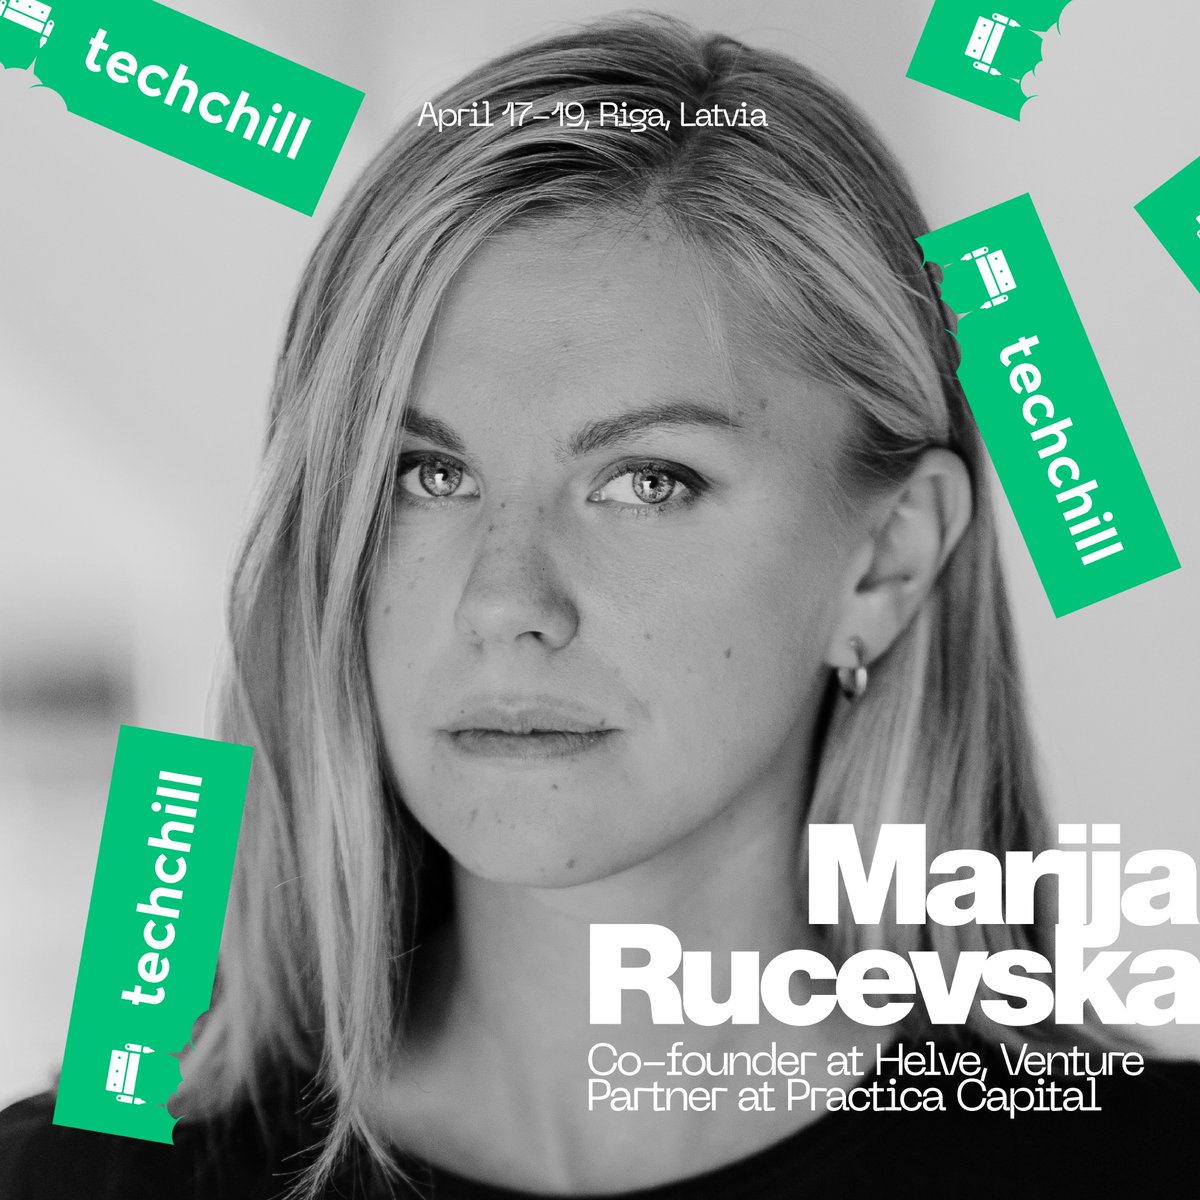 We're thrilled to announce @marijarucevska, Co-founder at @helve_eu and Venture Partner at @PracticaCapital, as our speaker for TechChill 2024! Join us in Riga on April 17-19! 🚀
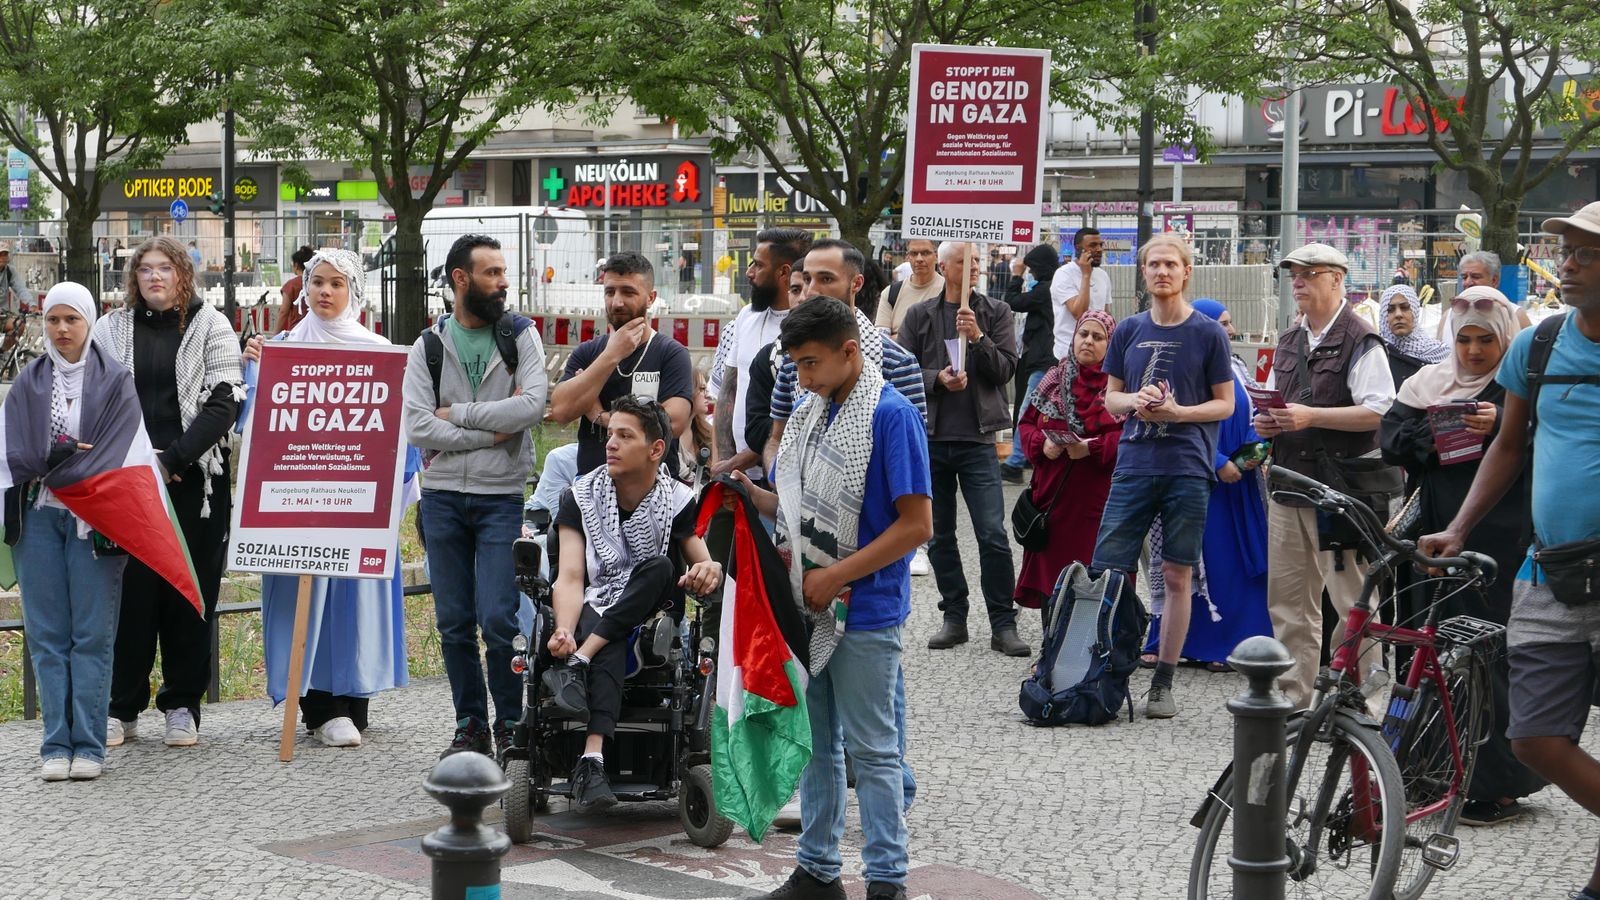 Stop the genocide in Gaza! Sozialistische Gleichheitspartei holds Berlin rally for the European elections
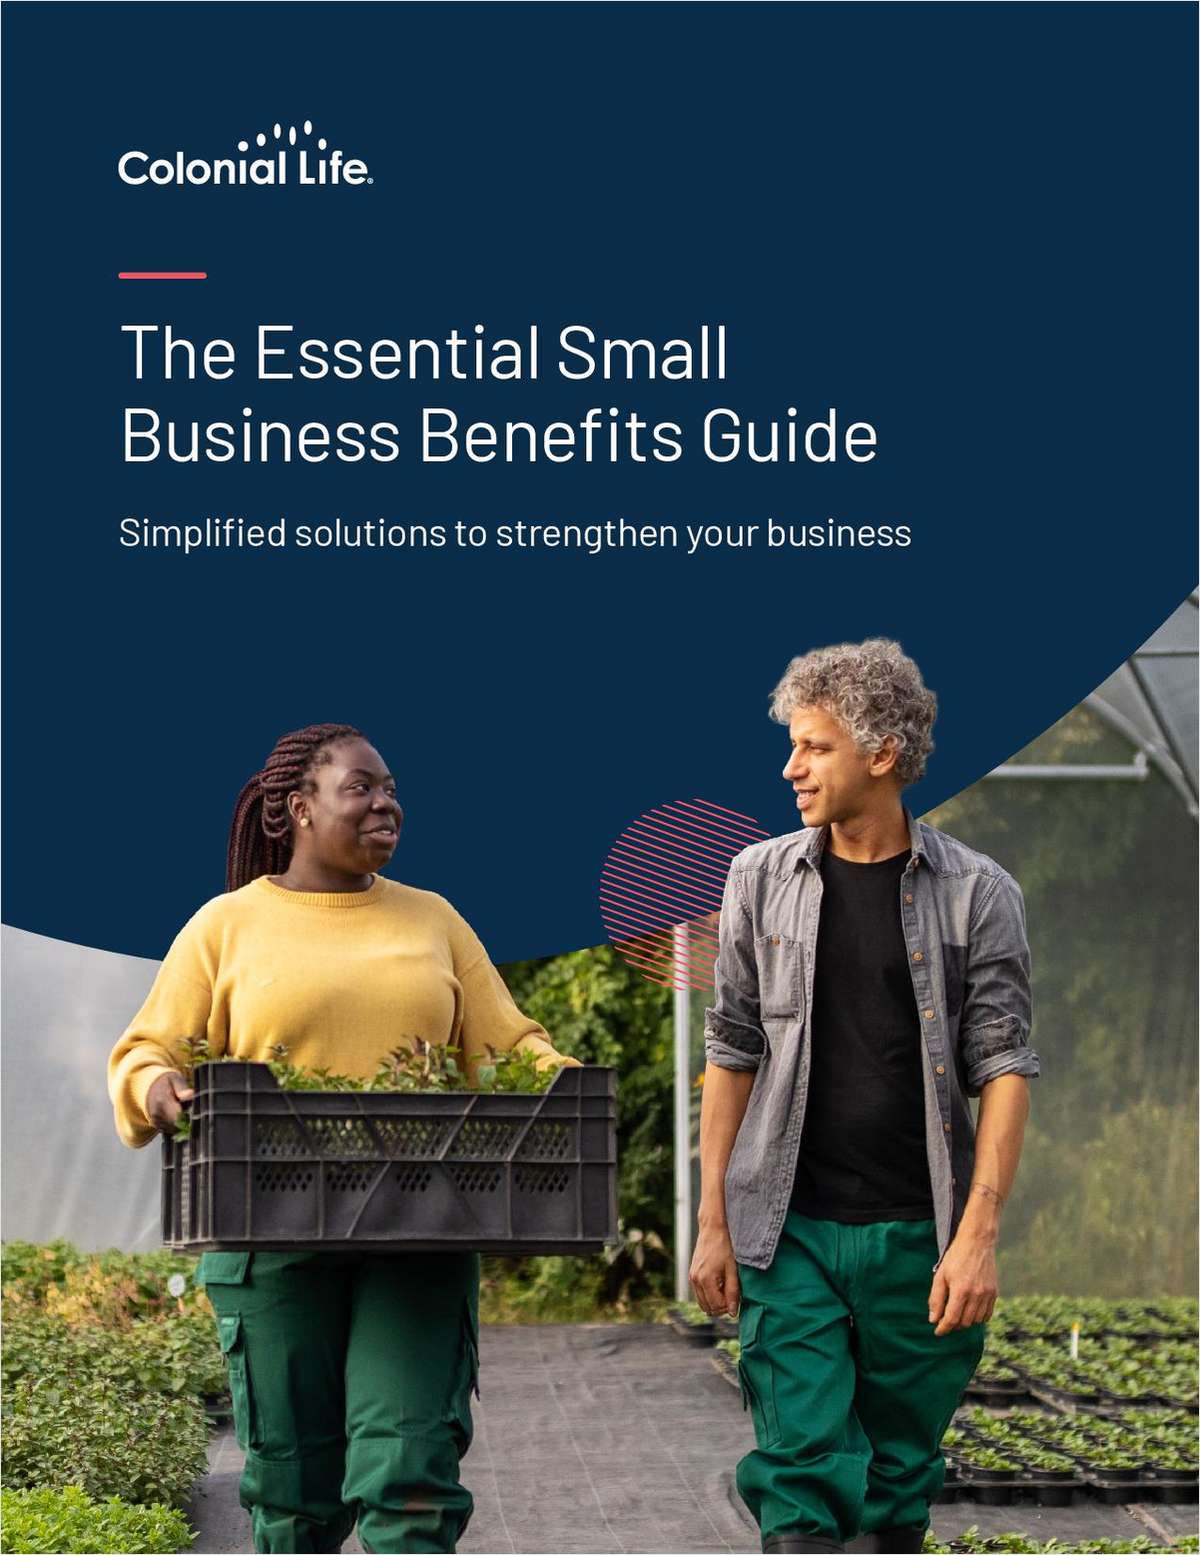 The Essential Small Business Benefits Guide
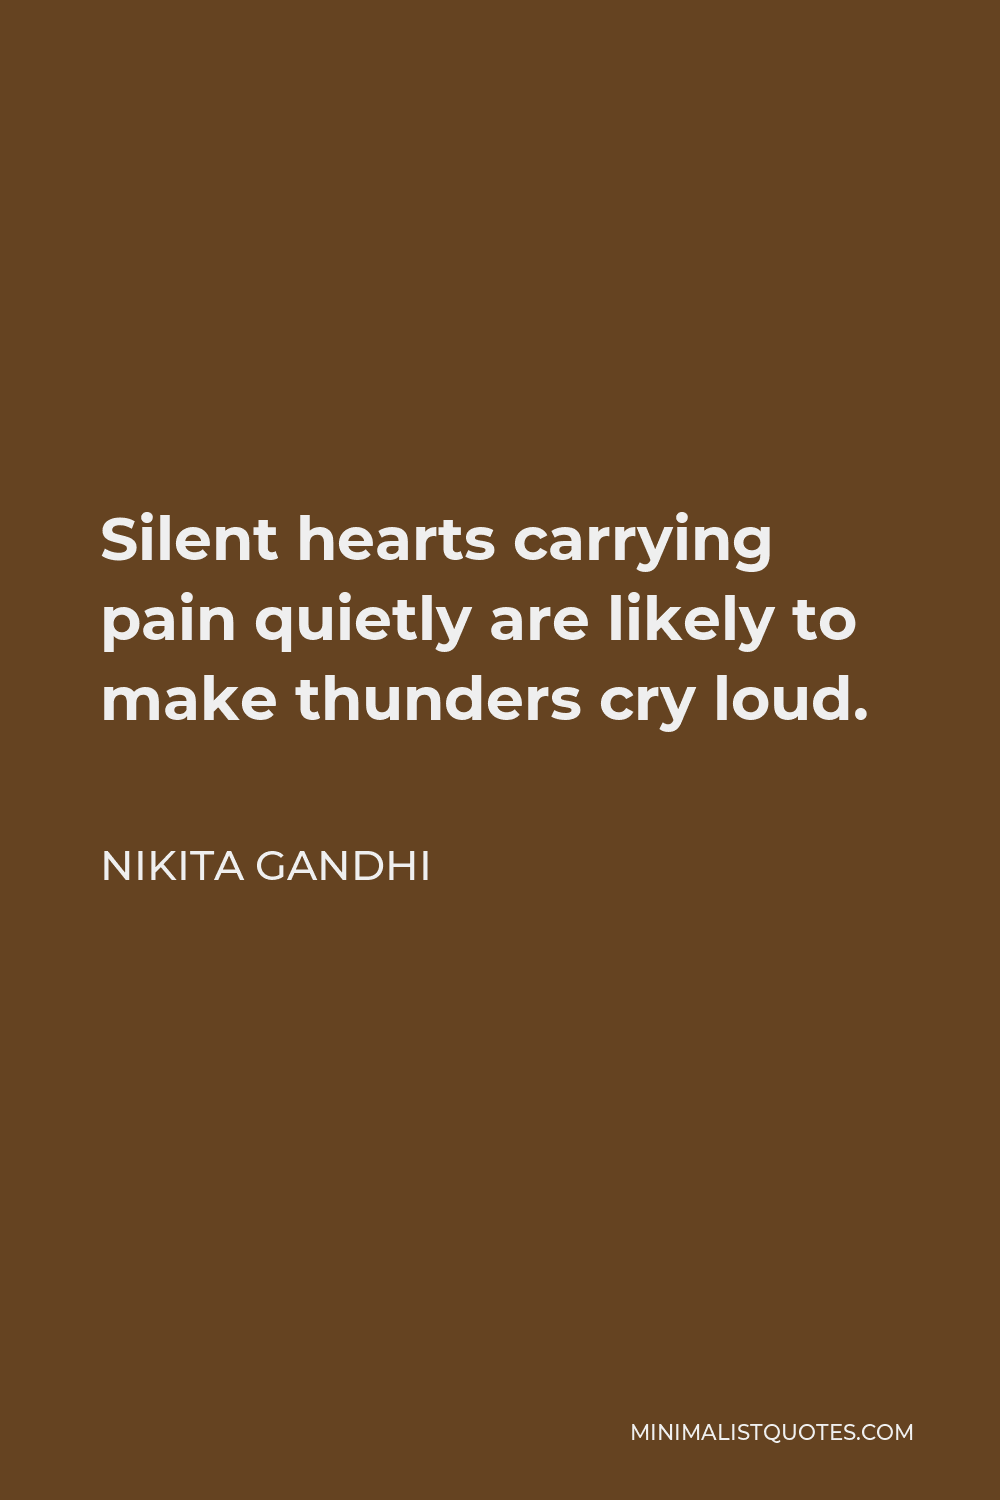 Nikita Gandhi Quote - Silent hearts carrying pain quietly are likely to make thunders cry loud.

WORK INSTRUCTION — Exact copies of the lines from the one containing "Stop the genocide" through the final line of the data are required; pictures are to be omitted.

RESPONSE BELOW —
 Stop the genocide in Gaza! Sozialistische Gleichheitspartei holds Berlin rally for the European elections
 The Essential Small Business Benefits Guide
 Nikita Gandhi Quote - Silent hearts carrying pain quietly are likely to make thunders cry loud.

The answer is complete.